■ Activity
Return the lines of the listing below exactly as they appear, beginning at the one with "Hyundai Android Auto AH 02539" and stopping after the one with "BMW X5 xDrive 35i SUV"; do not include pictures.

■ Source data
- - -

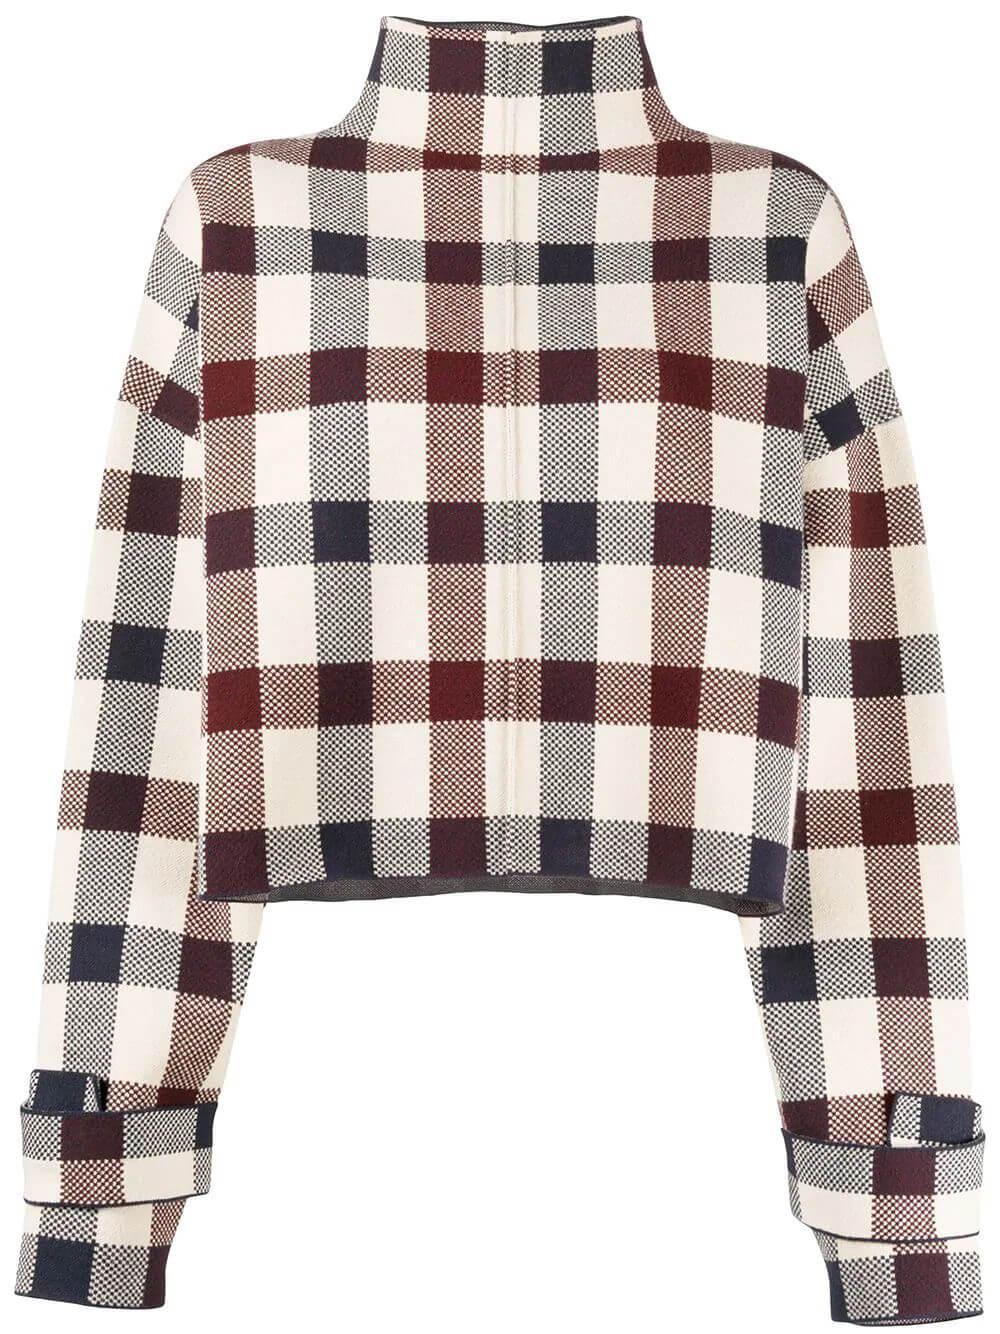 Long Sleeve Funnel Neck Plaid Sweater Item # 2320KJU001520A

- - -

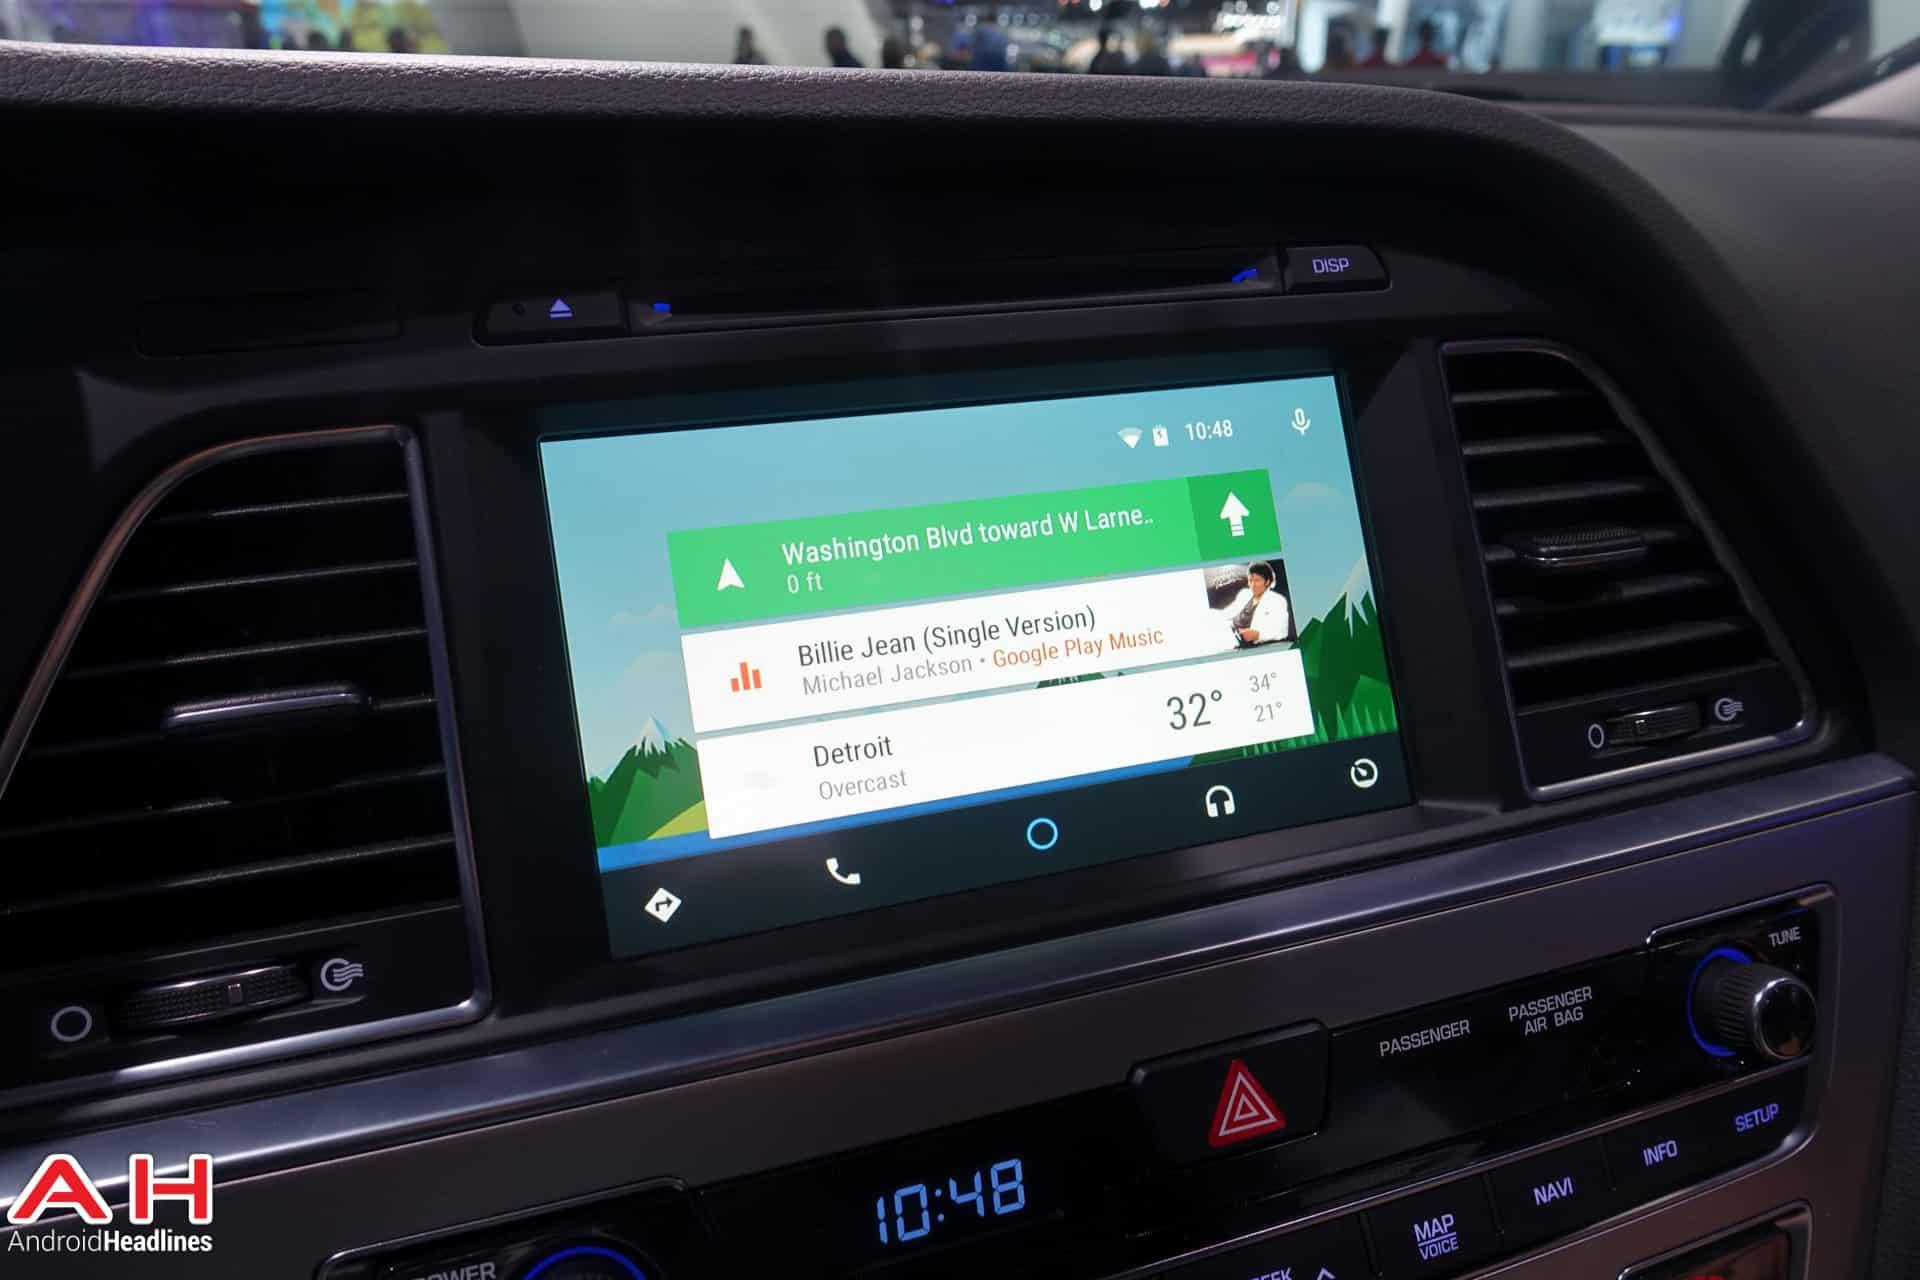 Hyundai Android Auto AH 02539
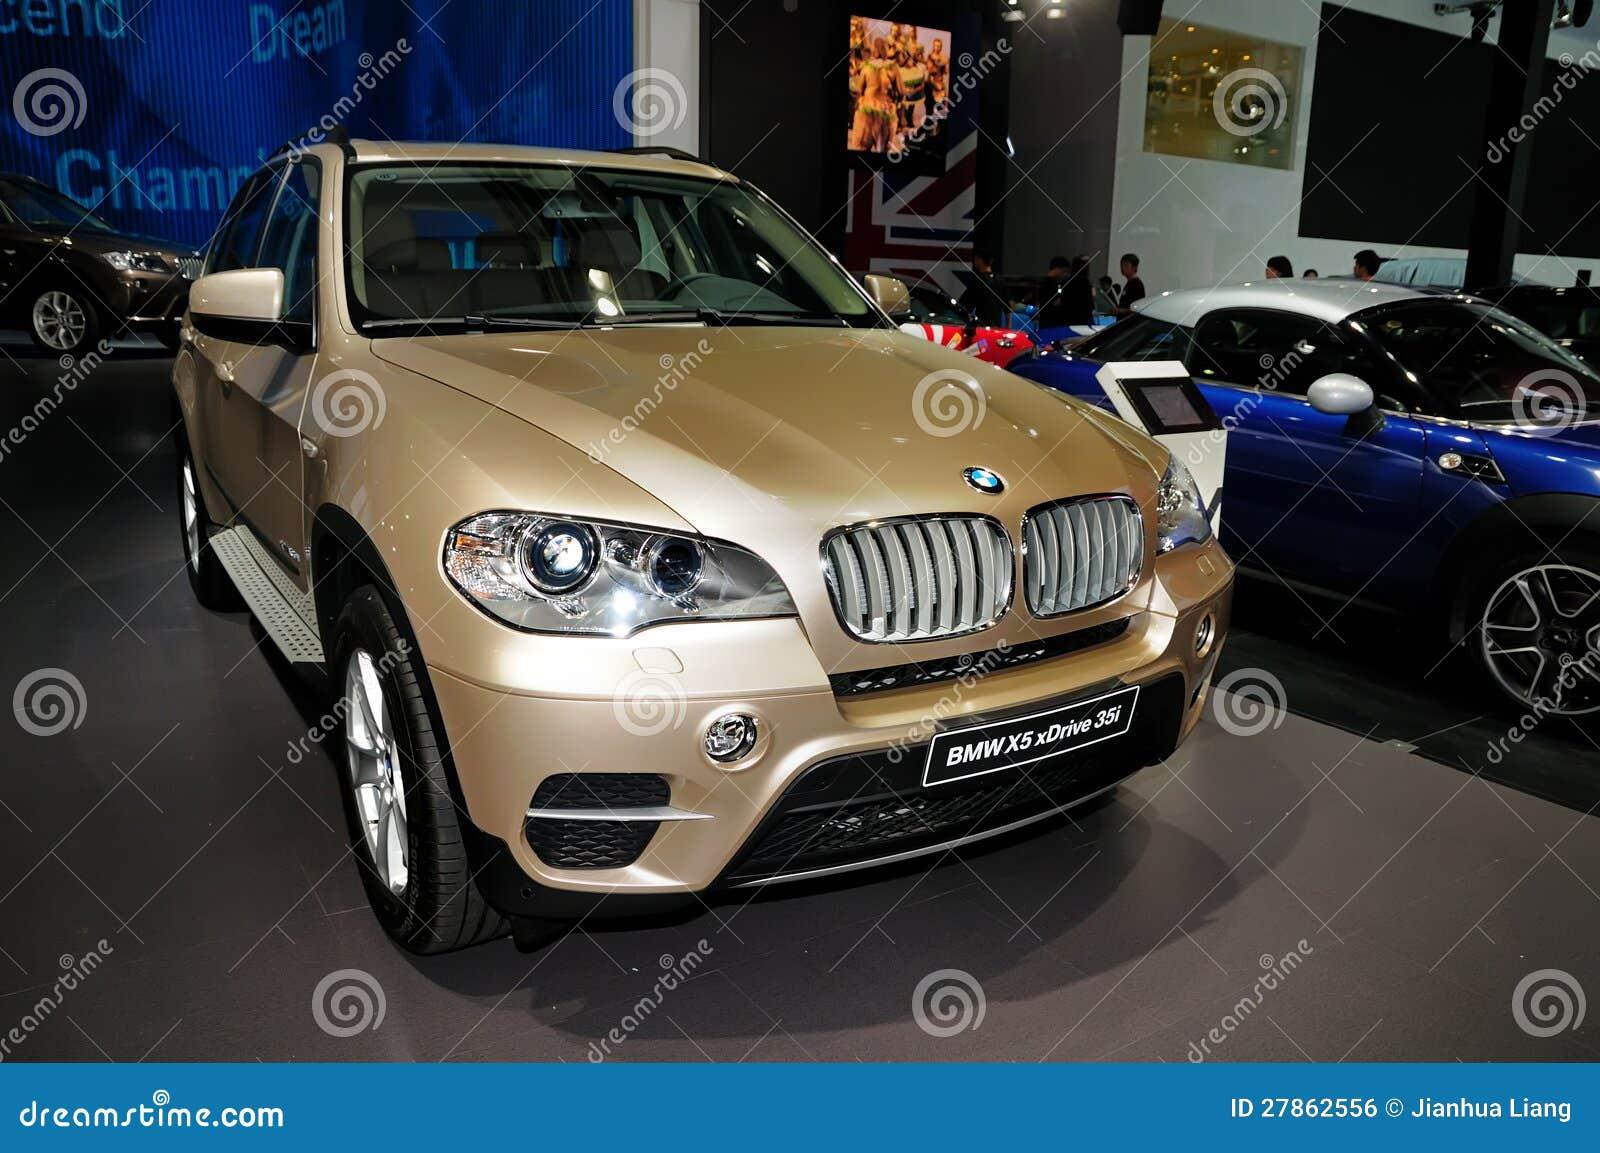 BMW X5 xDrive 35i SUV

- - -

■ Solution below
 Hyundai Android Auto AH 02539
 BMW X5 xDrive 35i SUV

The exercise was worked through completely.